TOP ABSTRACT MATERIALS AND METHODS RESULTS DISCUSSION LITERATURE CITED

Transfected lines:
Of 208 E. kuehniella eggs injected with the ooplasm of C. cautella, 130 eggs hatched. Insects that developed from the injected eggs were designated as generation 0 (G₀). G₁ eggs were collected from each of 40 G₀ females. A part (10–20 eggs) of each G₁ brood was subjected to PCR assay, in which Wolbachia was detected in three broods. In two broods (lines 1 and 2), only wCauB was detected. Both wCauA and wCauB were detected in the other brood (line 3). G₂ eggs were diagnosed for infection as performed on the G₁ eggs (Table 1). Infected broods were pooled for each of line 1 and line 2 and designated as line 1B and line 2B, respectively. Two lines different in infection status were obtained from line 3: one infected with only wCauA (line 3A) and the other infected with both wCauA and wCauB (line 3AB). At least 16 larvae were randomly selected for each of the four infected lines and diagnosed for infection by PCR. This assay showed that the G₂ larvae were homogeneously infected within lines. When the G₂ insects attained adulthood, only females emerged in lines 3A and 3AB, whereas both females and males emerged in lines 1B and 2B.

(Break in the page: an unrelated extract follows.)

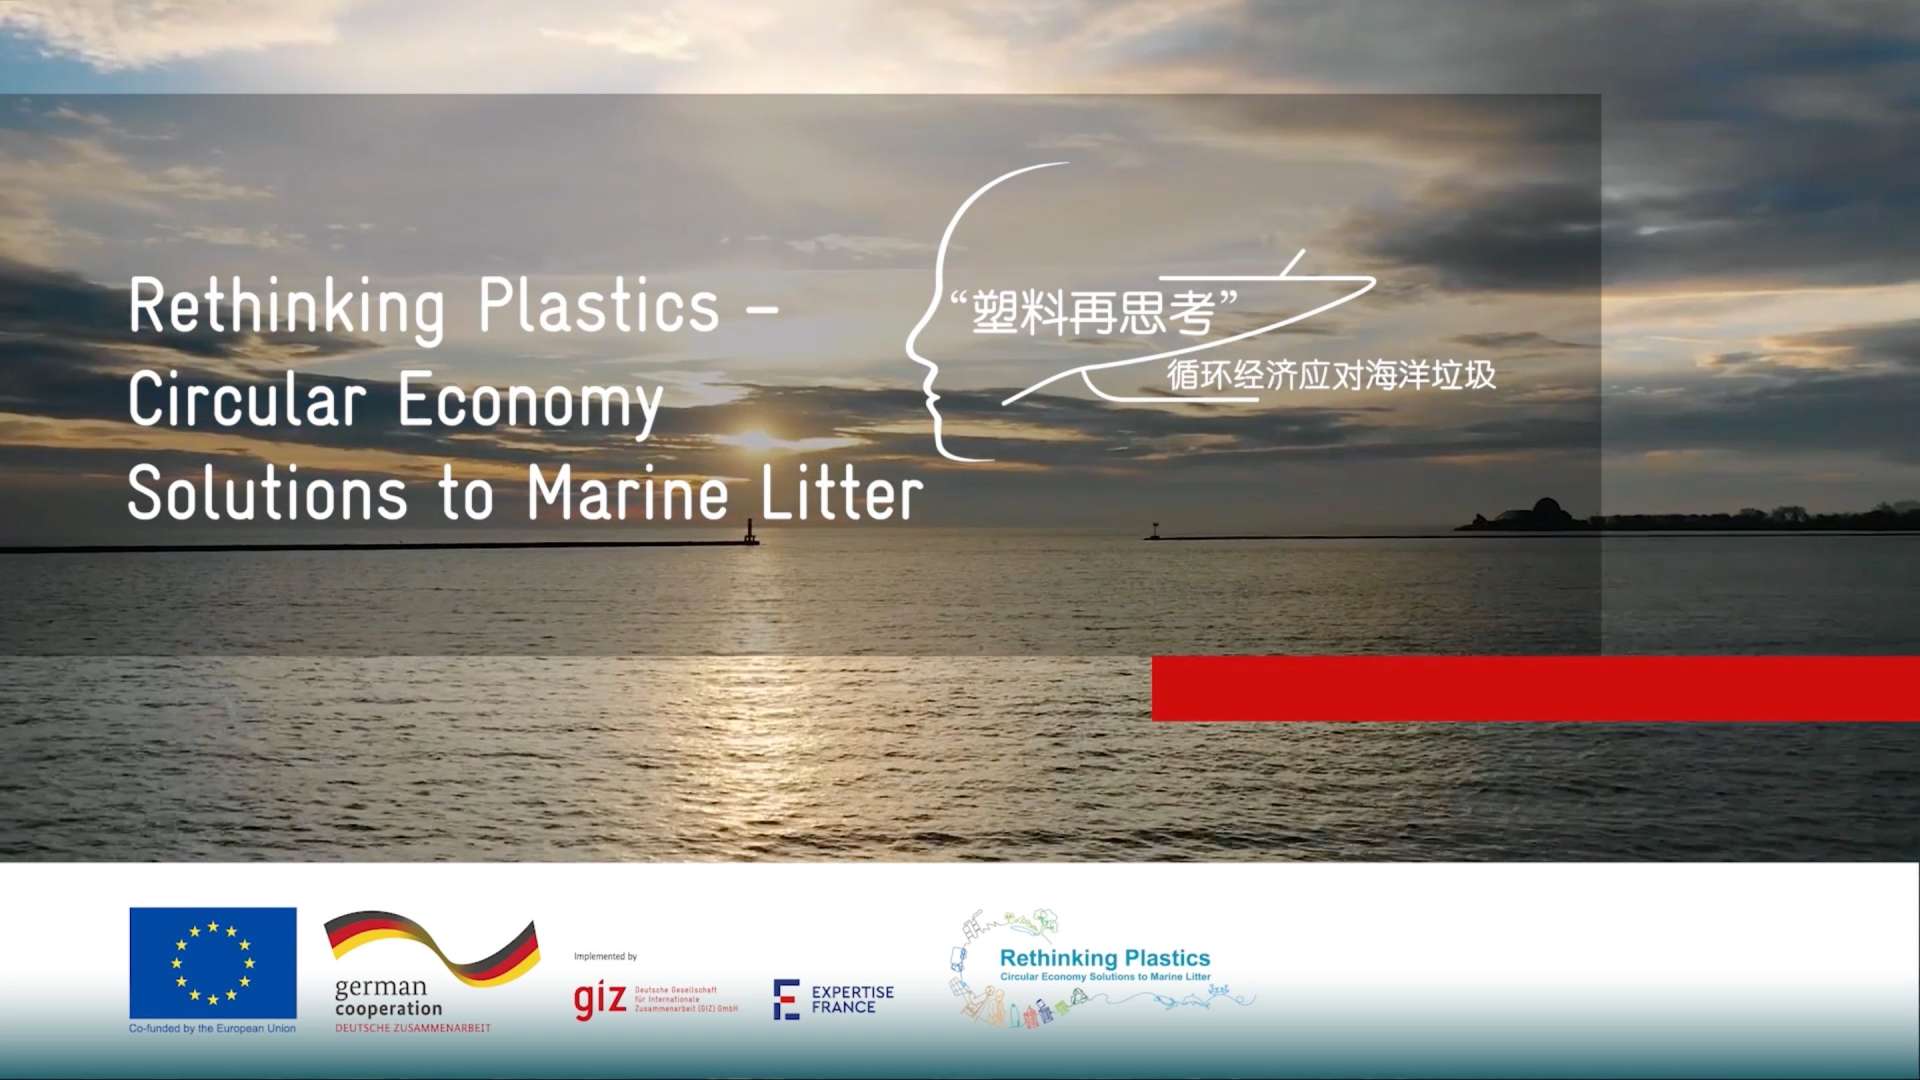 “塑料再思考"”循环经济应对海洋垃圾---综述篇

Lines 3A and 3AB were maintained by crossing with males from the uninfected strain. The all-female condition has been consistently transmitted maternally to offspring for 22 generations.

Female-biased sex ratio caused by wCauA:
Emergence of all-female populations in lines 3A and 3AB suggested that wCauA was the causative agent of the sex ratio distortion. Wolbachia is known to cause a female-biased sex ratio by three distinct mechanisms, thelytokous parthenogenesis, feminization of genetic males, and male killing. The possibility that thelytokous parthenogenesis was the mechanism was ruled out because no unfertilized eggs collected from the virgin females hatched. To distinguish feminization and male killing, the survival rates of the transfected lines producing all-female offspring were examined (Table 2). The egg hatch rates of the transfected lines were much lower than those of the uninfected strain, suggesting that the mechanism was male killing rather than feminization.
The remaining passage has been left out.